====== AVAILABLE DATA ======

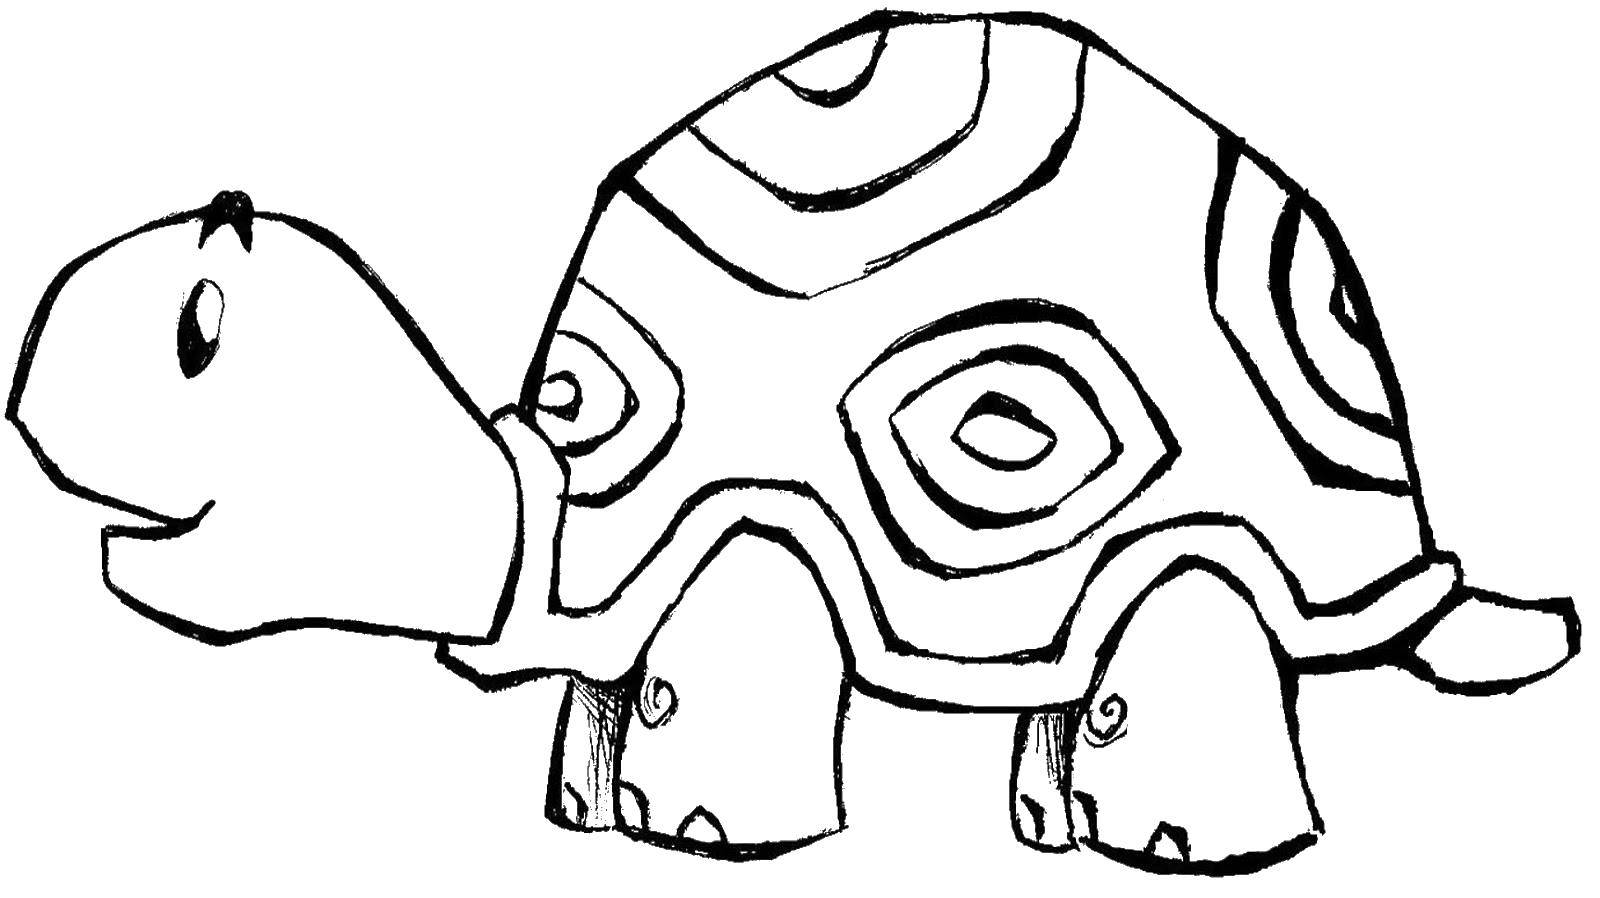 Coloring Turtle. Category Coloring pages for kids. Tags:  turtle, shell.
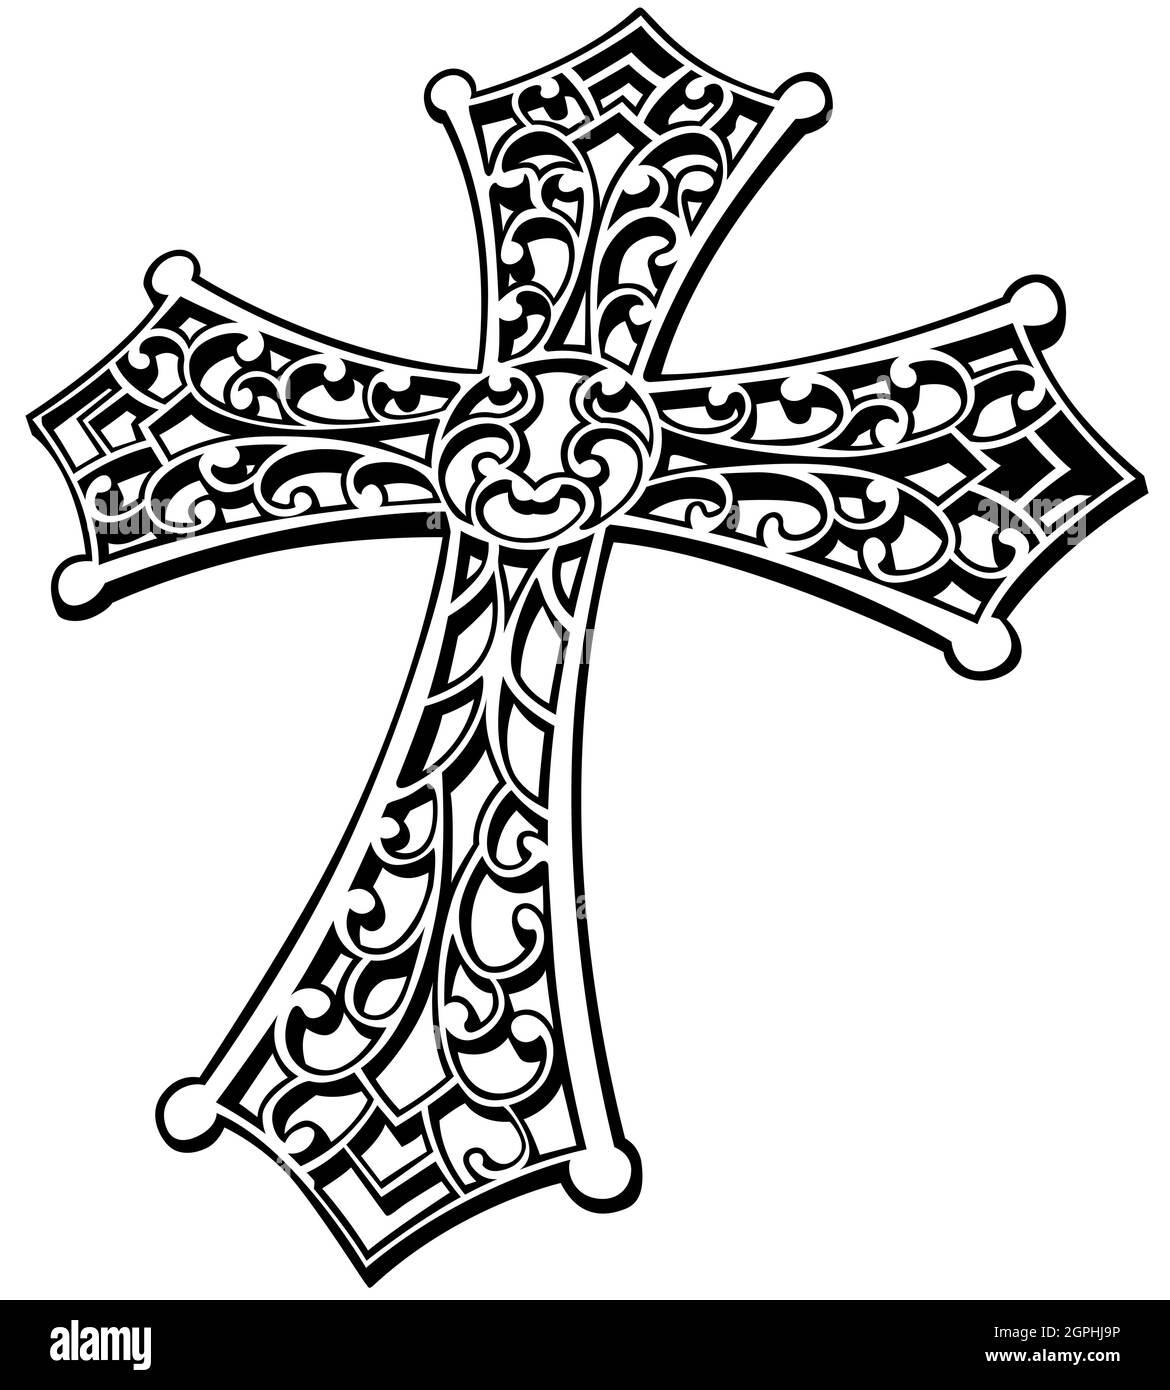 Black and White Carved Religious Cross Stock Vector
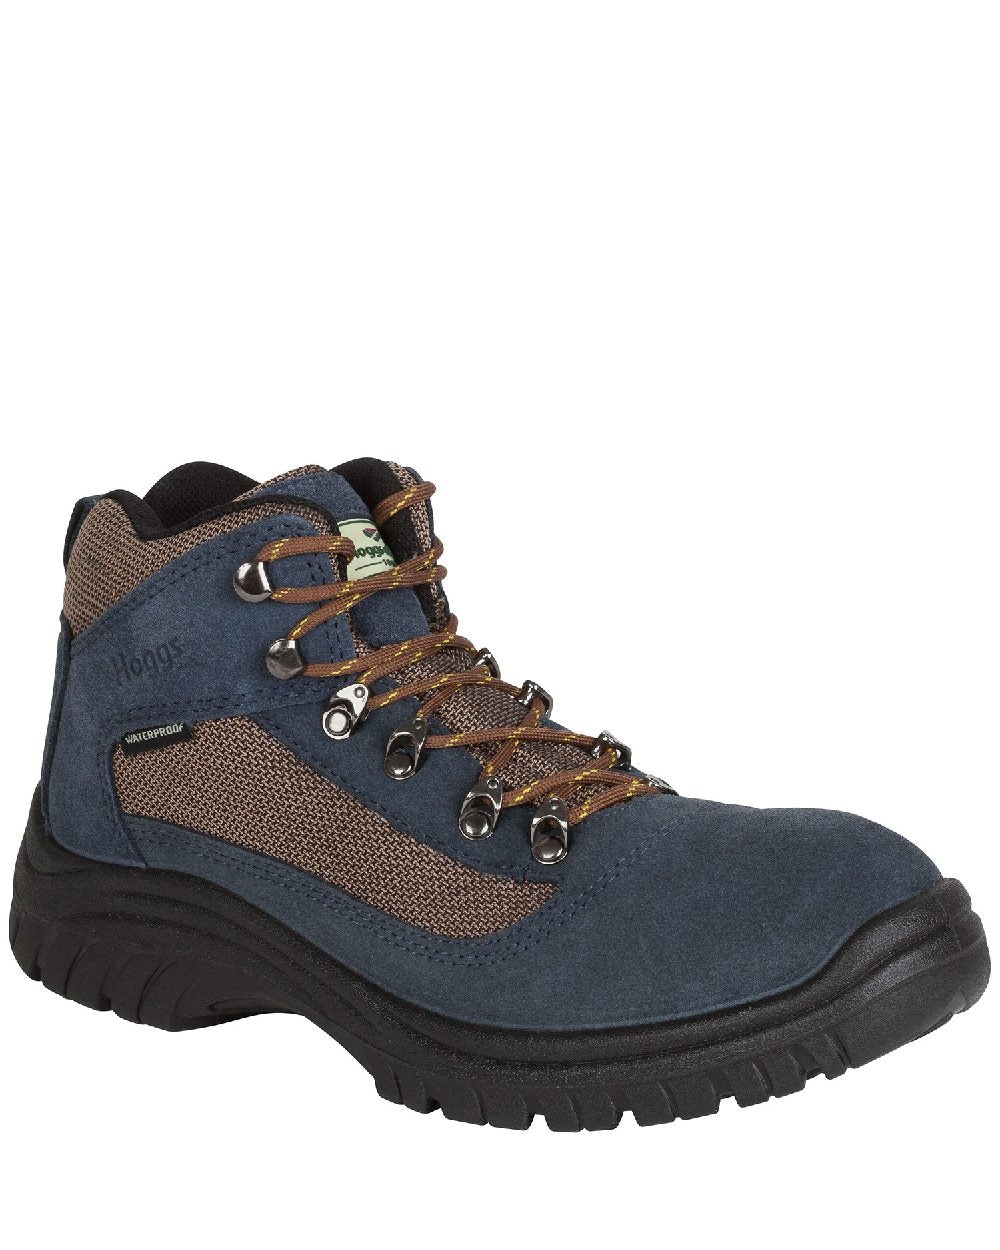 French Navy coloured Hoggs of Fife Rambler Waterproof Hiking Boot on white background

======

→ TASK STATEMENT
Word for word, print all of the data; skip the pictures.

→ FINISHED EXERCISE
 Coloring Turtle. Category Coloring pages for kids. Tags:  turtle, shell.
 Black and White Carved Religious Cross Stock Vector
 French Navy coloured Hoggs of Fife Rambler Waterproof Hiking Boot on white background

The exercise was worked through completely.